* [YOUR INSTRUCTIONS]:
Write the data out again exactly, with no pictures.

* [INFORMATION SHOWN]:
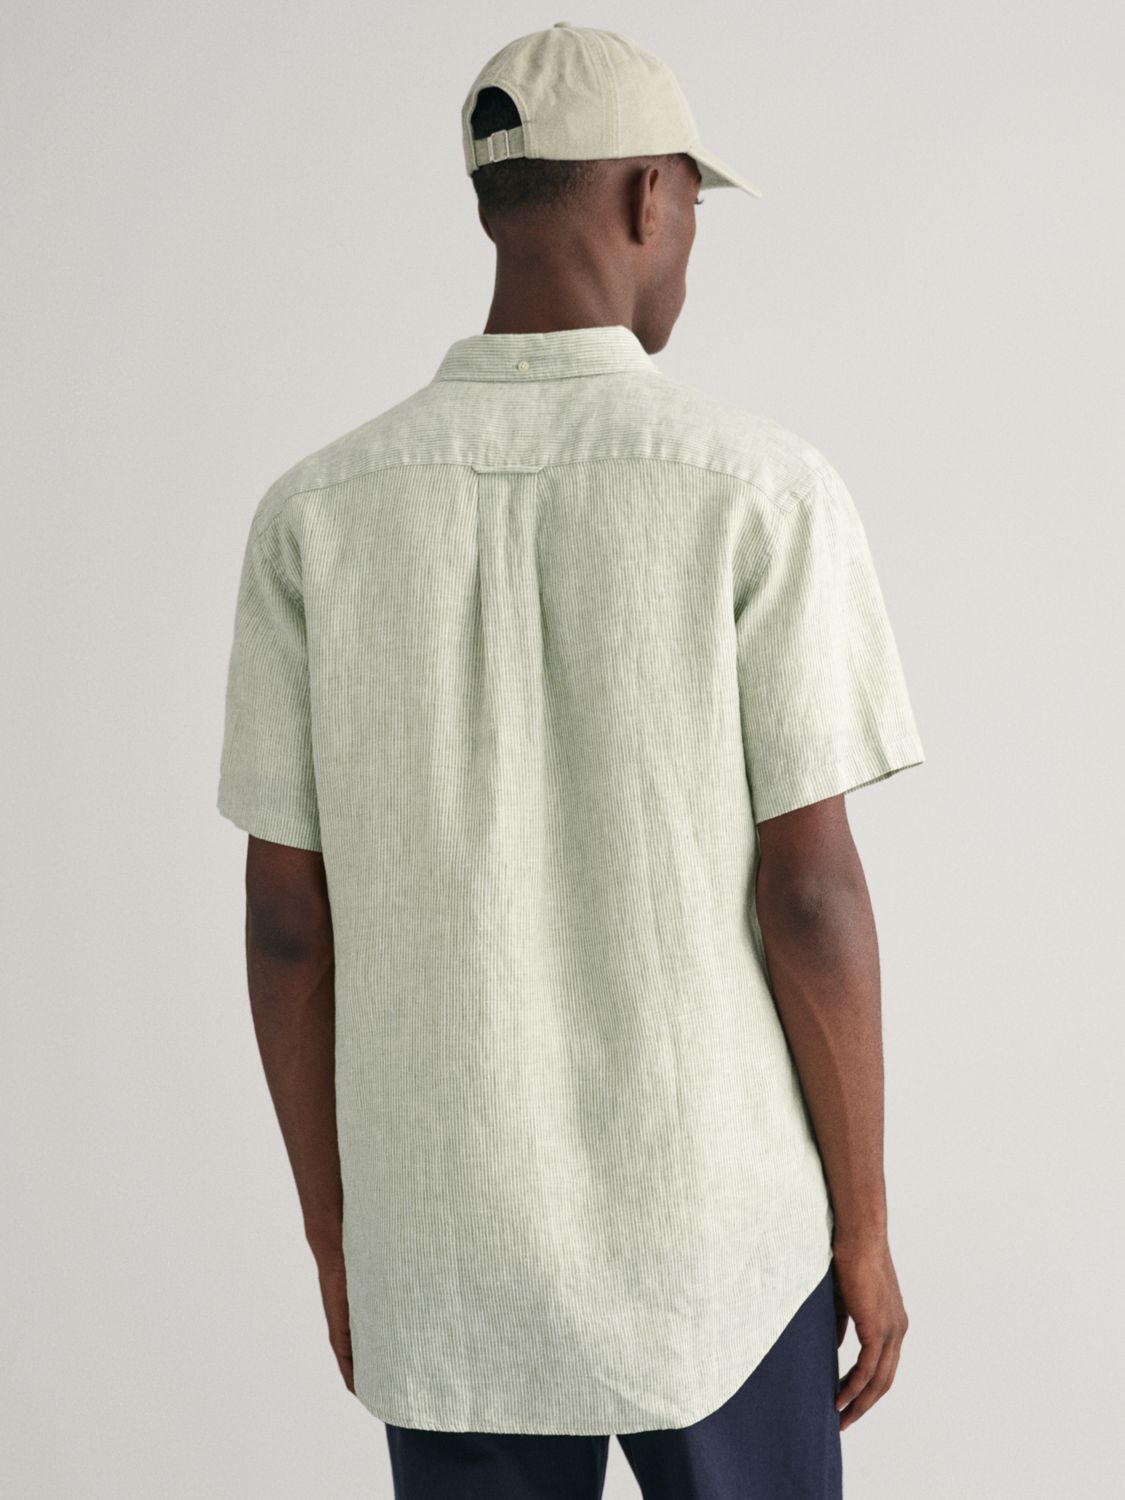 GANT Linen Short Sleeve Shirt, Green, XL
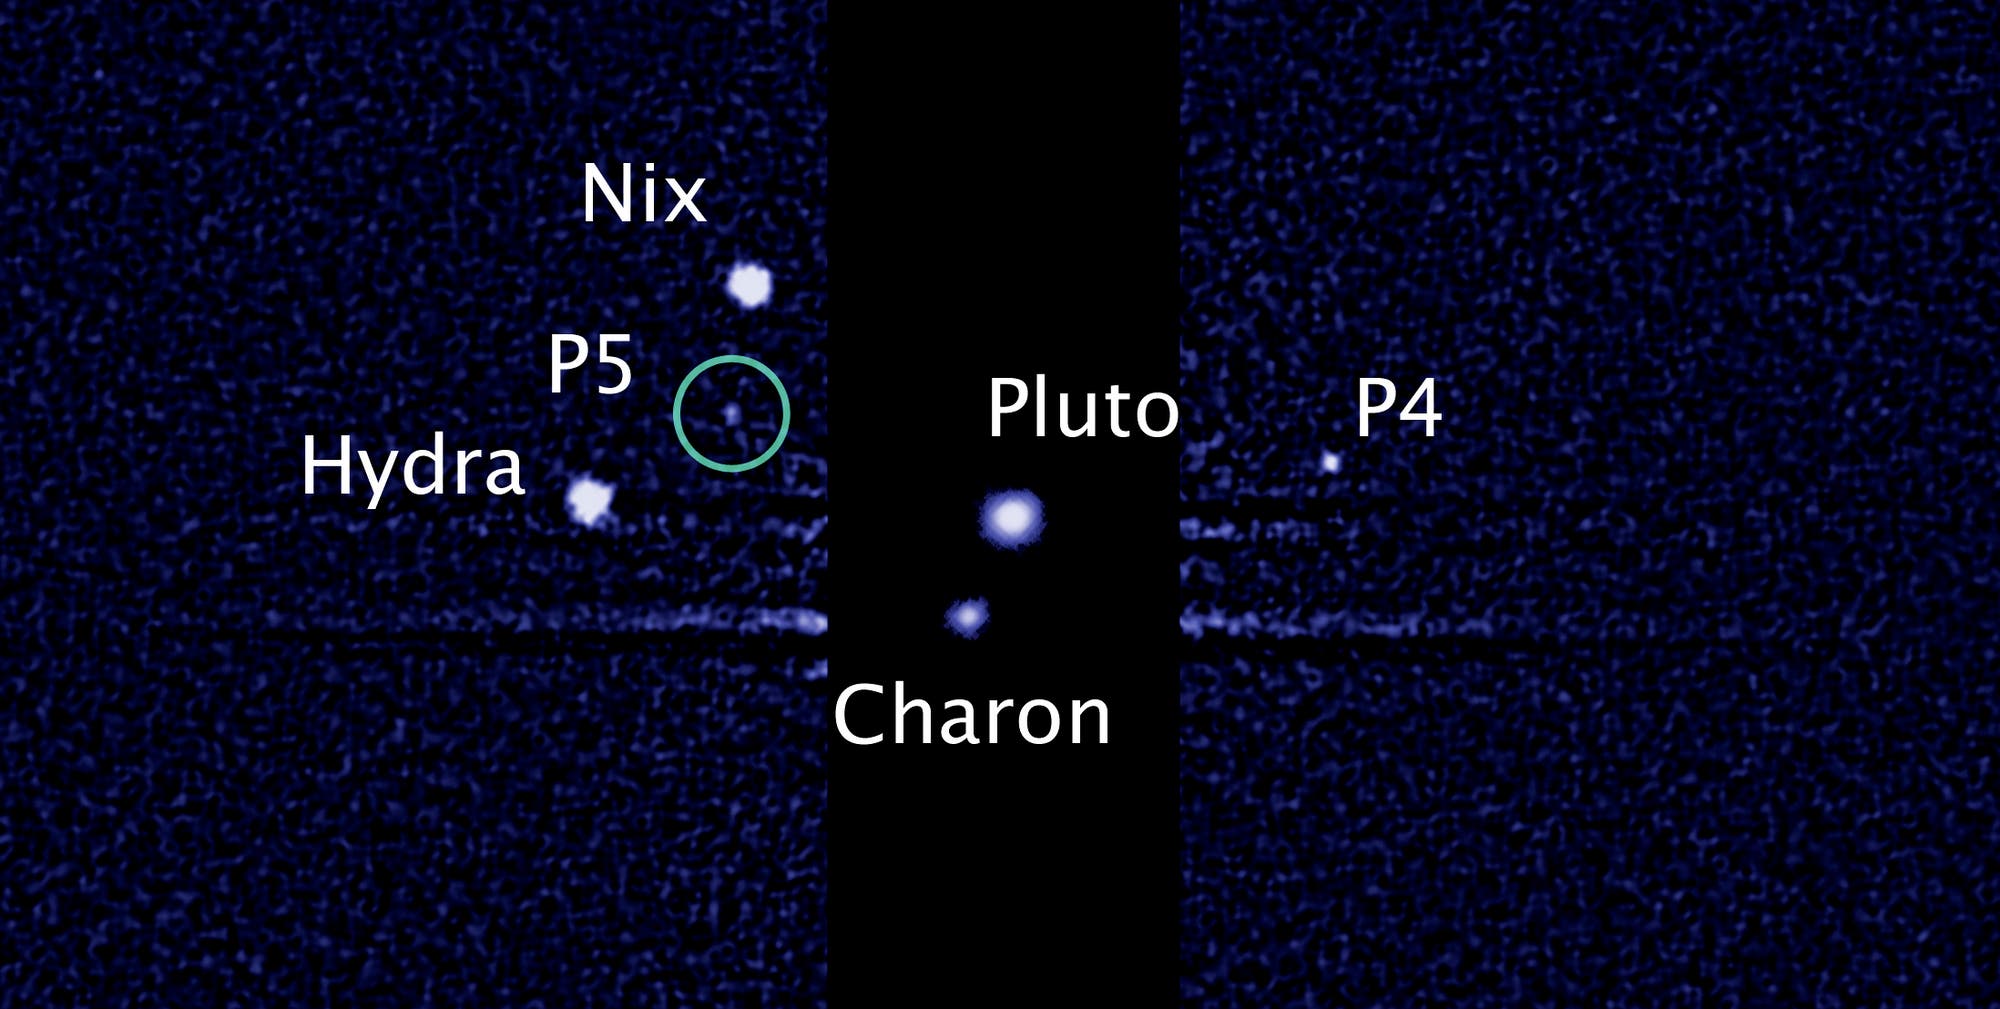 Die fünf Monde des Zwergplaneten Pluto
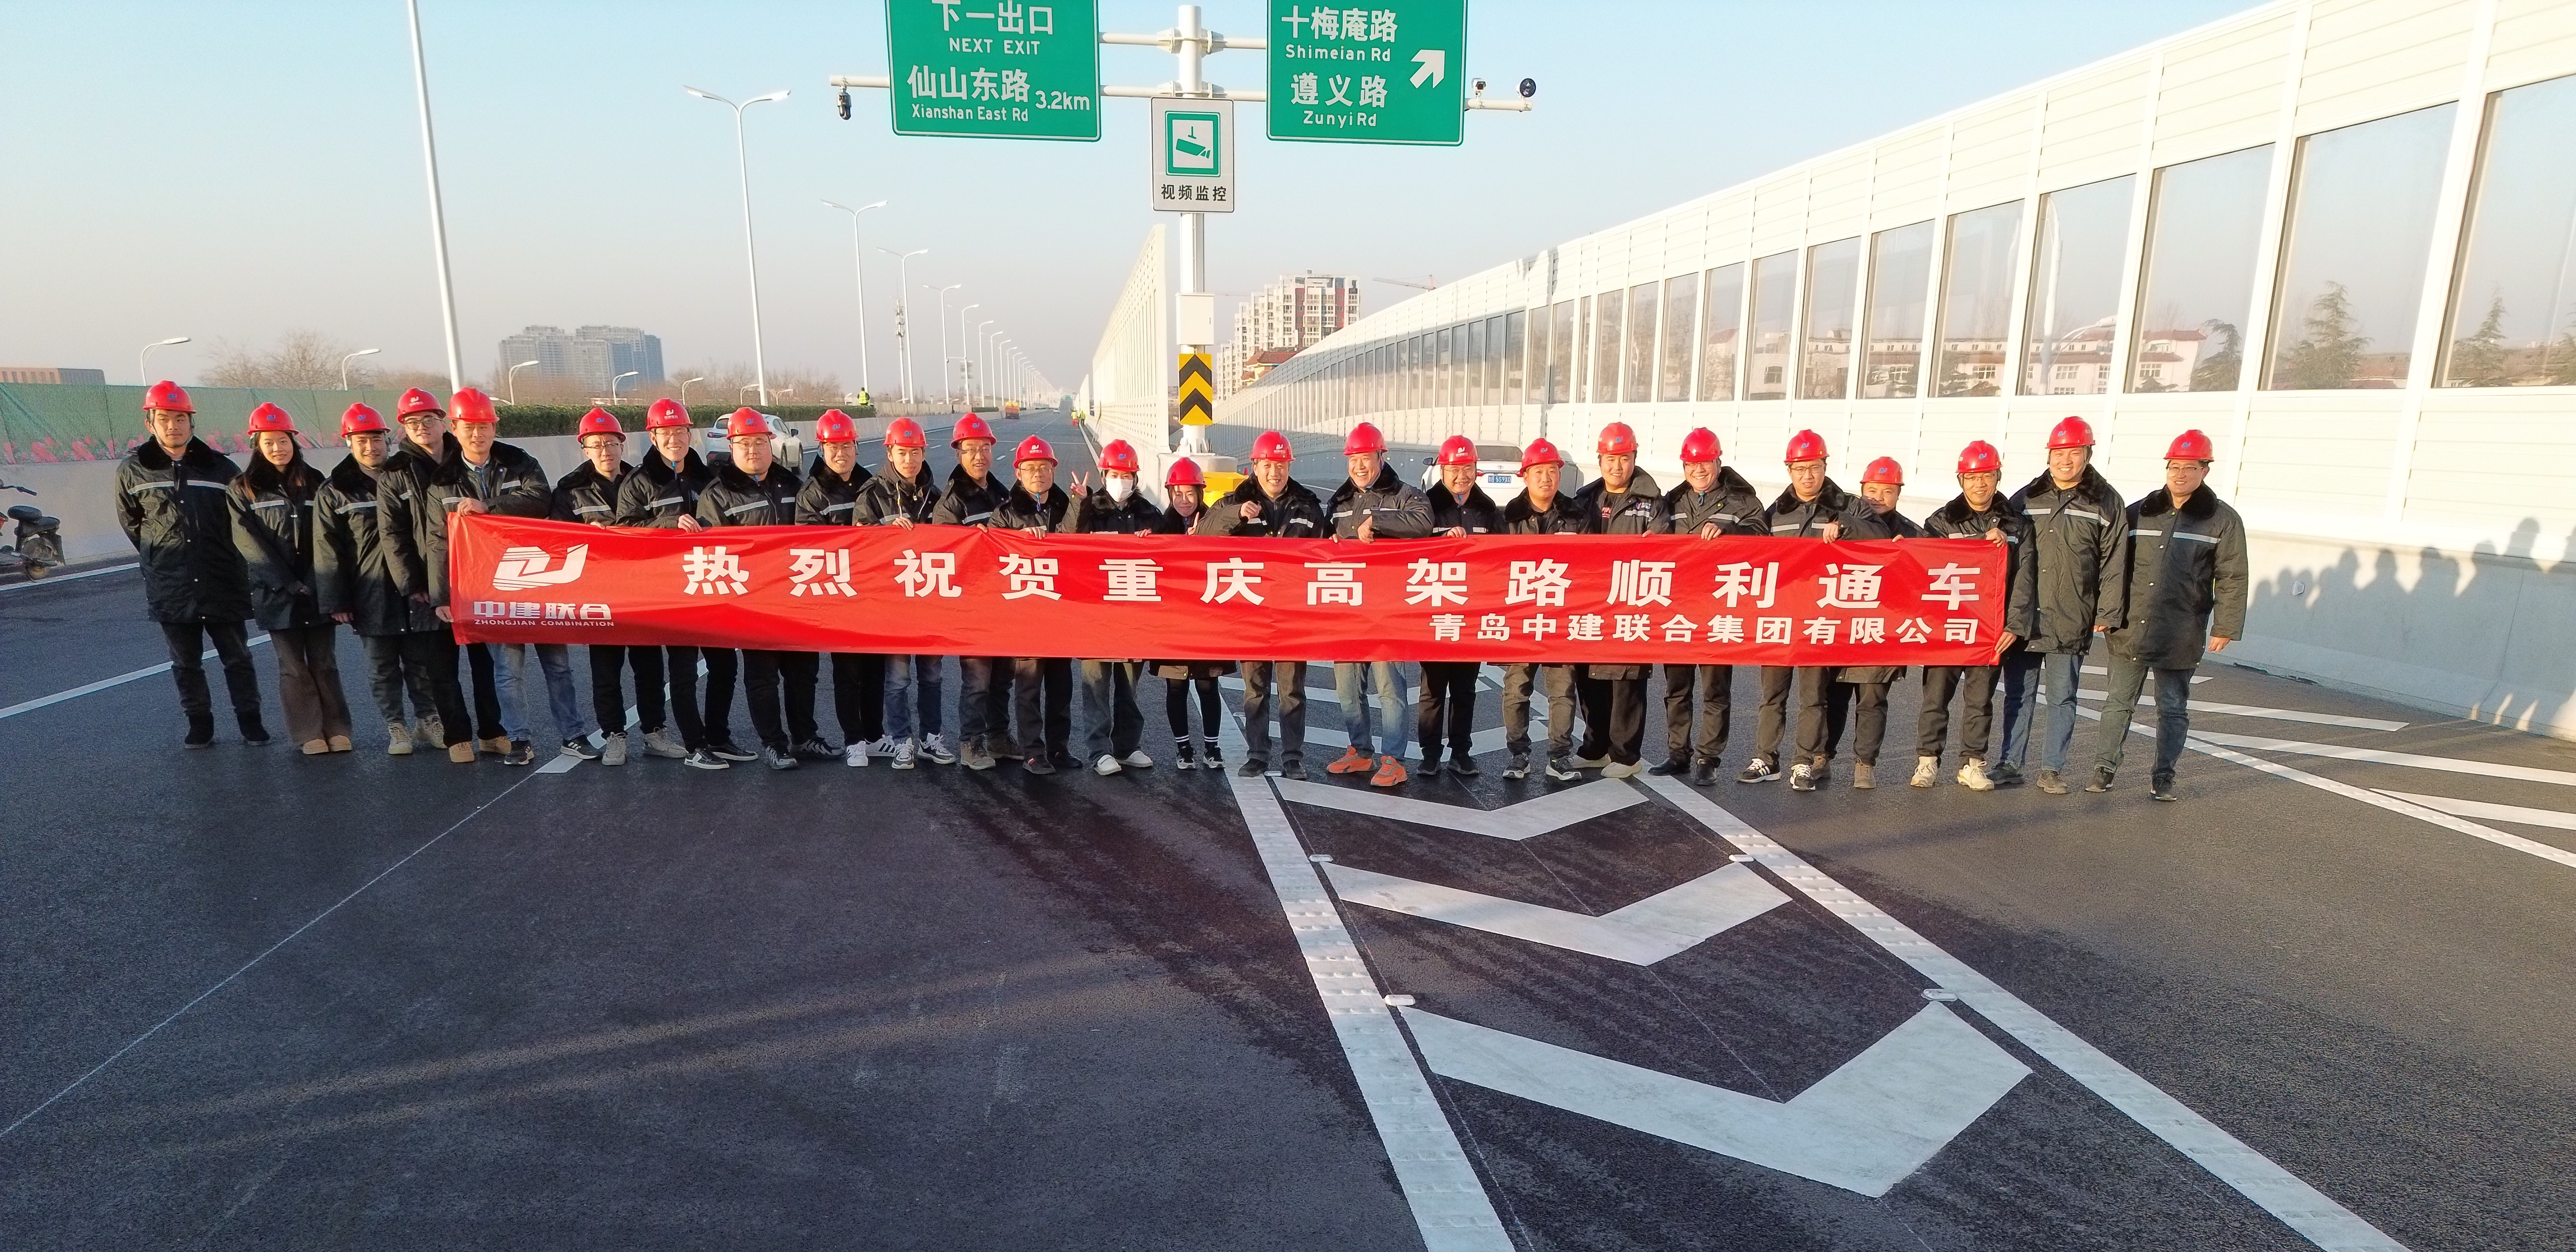 Zhongjian combination high standard construction was praised by Chongqing Viaduct project site headq

* [SOLUTION]:
 GANT Linen Short Sleeve Shirt, Green, XL
 Die fünf Monde des Zwergplaneten Pluto
 Zhongjian combination high standard construction was praised by Chongqing Viaduct project site headq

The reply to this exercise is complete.